L'Islande médiévale a conçu, autour du xiiie siècle, un type de récit en prose, les sagas, qui n'a aucun équivalent en Occident et que l'on peut, à bien des égards, tenir pour l'ancêtre de notre roman moderne. Tout y est original, le style d'abord, le genre de personnages et les péripéties ensuite, sans parler d'une vision du monde et de l'homme qui demeure exemplaire.

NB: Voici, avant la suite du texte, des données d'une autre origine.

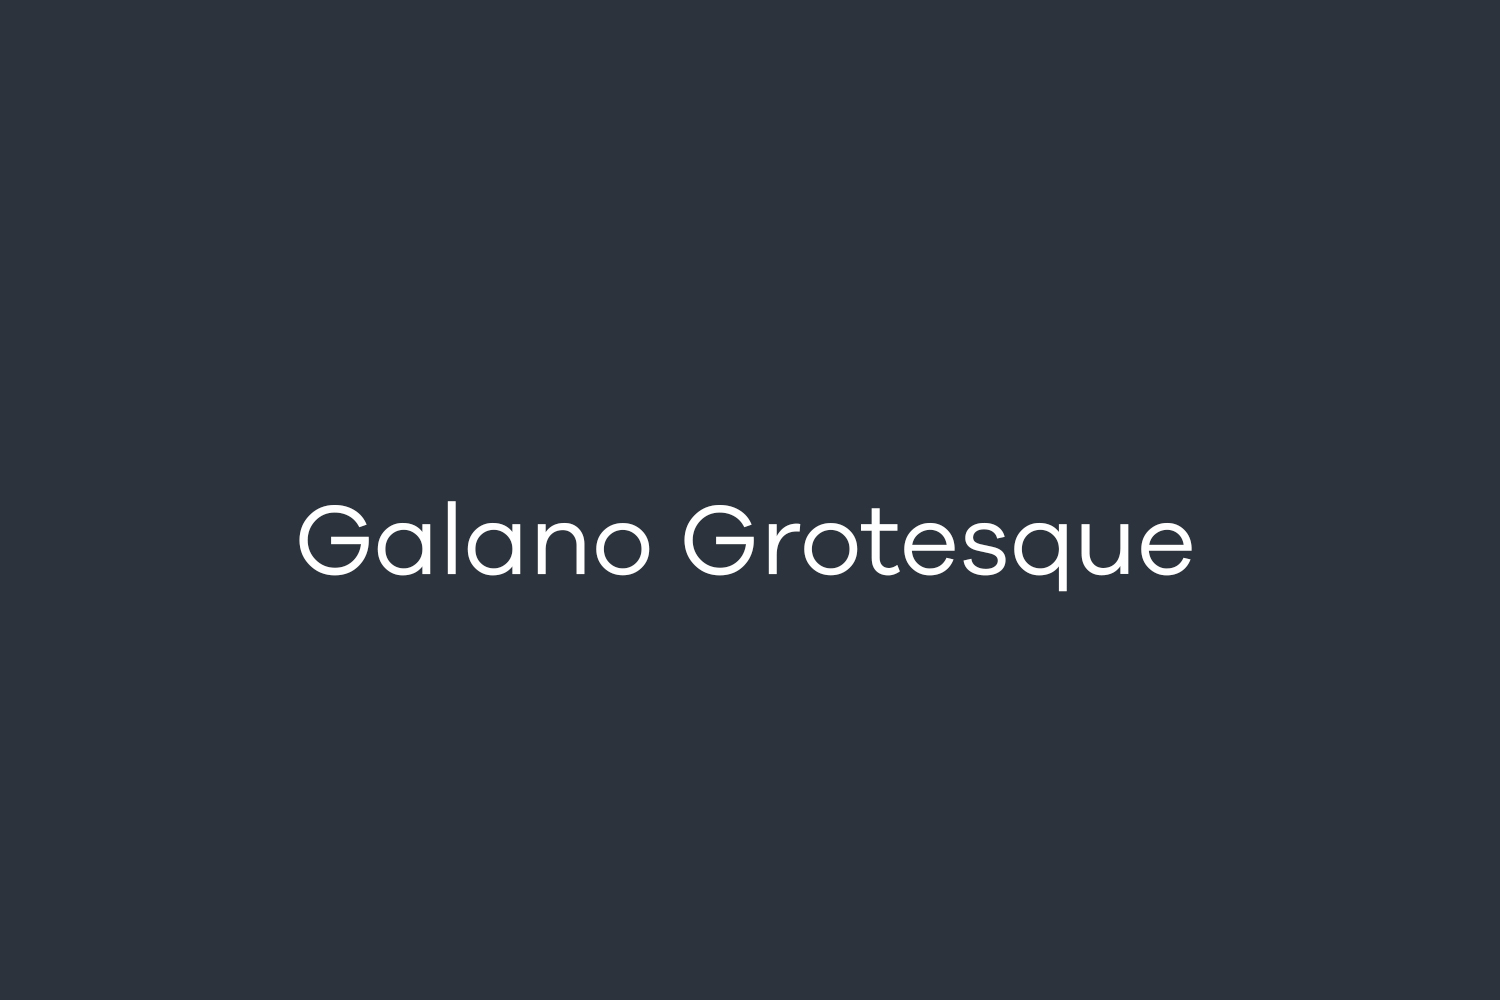 Galano Grotesque

Genèse et diversité des sagas

Parce qu'ils avaient la passion de l'Histoire et une fois dotés (après l'an mille) d'une écriture apportée par l'Église, parce qu'ils entendaient aussi célébrer le culte de la famille et de la loi, deux valeurs sacrées, les Islandais entreprirent de composer des manières de biographies qu'ils appelèrent sögur (au singulier saga) : ce sont des textes en prose, éventuellement agrémentés de strophes scaldiques, c'est-à-dire issues de la poésie orale scandinave, qui ne sauraient en aucun cas être pris pour des adaptations païennes de textes religieux. La genèse du genre, après avoir fait l'objet de maintes controverses, est maintenant établie : si elle renvoie sans doute à une tradition immémoriale du conte, la preuve est faite qu'elle a consisté en une imitation appliquée, d'abord de l'historiographie classique en latin (Salluste par exemple), puis de l'hagiographie médiévale également en latin (les Vies des saints ont été traduites très tôt en vieux norois), le tout sur fond de récits bibliques librement adaptés. Il s'agissait de relater la vie d'un individu, de sa naissance à sa mort, en insistant sur les temps forts de son existence. Il semble qu'un formidable mouvement d'écriture – à l'échelle de cette petite communauté – se soit manifesté à partir de 1150 environ pour durer deux bons siècles. Les auteurs sont à peu près tous anonymes : il s'agit de clercs ou d'hommes ayant reçu une éducation cléricale, qui pratiquent le principe d'intertextualité avec une remarquable constance.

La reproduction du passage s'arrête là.